Film français de Ludovic Bergery (2020), avec Emmanuelle Béart, Vincent Dedienne, Tibo Vandenborre… 1h40. Sortie le 19 mai 2021.
Une femme devenue veuve entreprend de se reconstruire en embarquant pour une nouvelle vie sous laquelle elle espère enfouir ses souvenirs douloureux. Installée chez sa sœur, elle entreprend de rattraper le temps perdu, tente de dissoudre son travail de deuil dans des études de littérature et se trouve confrontée malgré elle à une génération qui n’est plus la sienne. Sujet délicat qui se trouve transcendé ici par la présence opportune d’Emmanuelle Béart, actrice devenue rare au propre comme au figuré, qui joue avec subtilité du décalage existant entre son apparence physique falsifiée par la chirurgie esthétique et un personnage qui aimerait pouvoir se donner une seconde chance en effaçant tout et en repartant sur de nouvelles bases. Il n’est pas question pour cette femme de courir après sa jeunesse, mais plutôt de retrouver une place dans la société, en s’aventurant dans une nouvelle direction. En choisissant pour cela Emmanuelle Béart, Ludovic Bergery a démultiplié la puissance de cette situation. Parce que l’histoire simple de cette femme est écrite sur le visage de l’actrice qui assume sa transformation physique et les séquelles qui la marquent dans sa chair pour donner un précieux vécu à ce personnage confronté à des désirs qu’elle croyait caducs.

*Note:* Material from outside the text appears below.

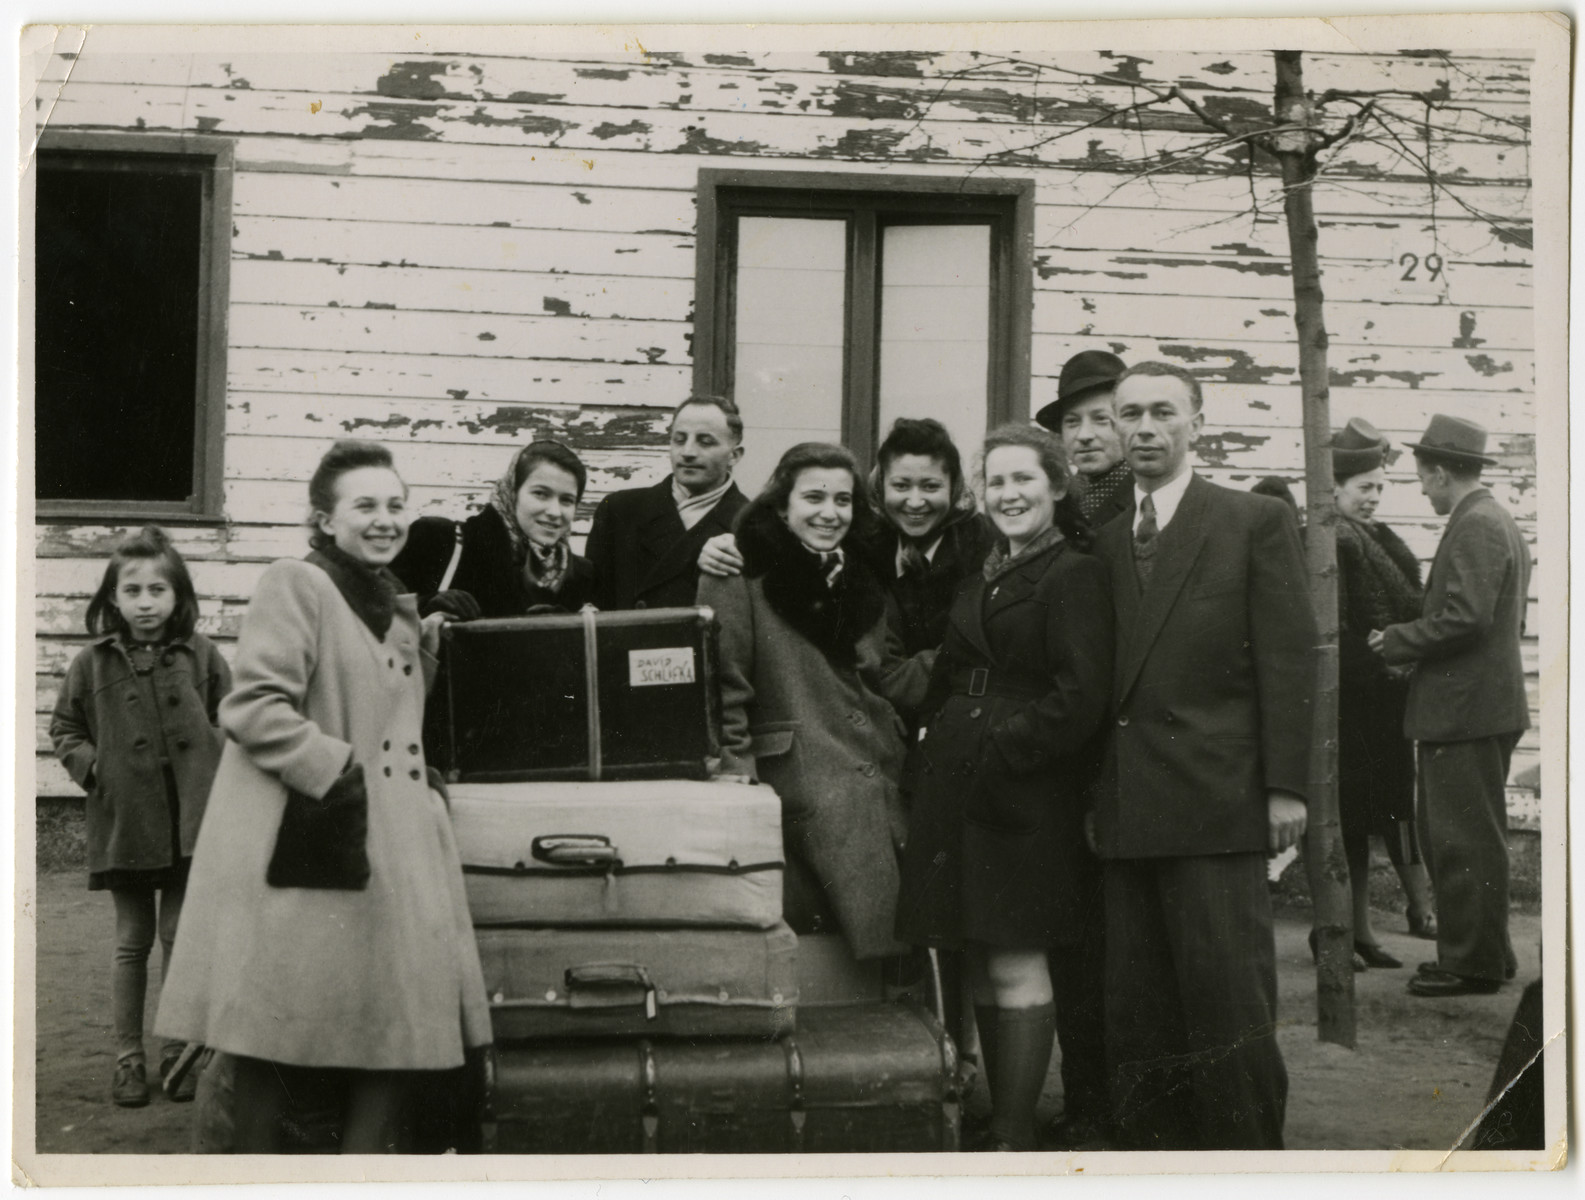 Residents of the Schlachtensee displaced persons' camp bid farewell to the Rothbaums who are leaving for America.

Pictured are Lusia, Genia and Chajka Rothbaum as well as Laura Kimmel (fourth from right) and Alfred Kimmel (second from right).

Vincent Dedienne et Emmanuelle Béart
L’étreinte repose sur la confrontation d’une femme qui peine à retrouver sa place dans la société en se tournant malgré elle vers une génération qui pourrait être celle de ses enfants. Une réflexion sur le vieillissement et ce décalage inéluctable qui s’instaure fatalement entre un corps soumis à des transformations physiques artificielles, dictées par le fantasme de la jeunesse éternelle, et une personnalité indépendante soumise à d’autres impératifs. Un fossé appelé à se creuser qui conditionne les relations de cette femme avec ses nouveaux compagnons de vie, des étudiants qui la considèrent avec une distance matinée de respect (elle à l’âge de leurs parents), mais aussi avec ceux de son âge le plus souvent emprisonnés dans un schéma familial contraignant dont les obligations se révèlent incompatibles avec l’intégration d’une personne seule dans leur cercle intime. Vision très pertinente d’une situation rarement prise en compte par le cinéma qui se voit sommé d’opter systématiquement entre le Feel Good Movie supposé être la panacée universelle contre les sujets plombants (la maladie, la vieillesse, etc.) et une vision plus réaliste devenue l’apanage des auteurs consacrés. En s’aventurant dans une sorte de No Man’s Land entre ces deux alternatives, Ludovic Bergery signe un premier film sensible et empathique.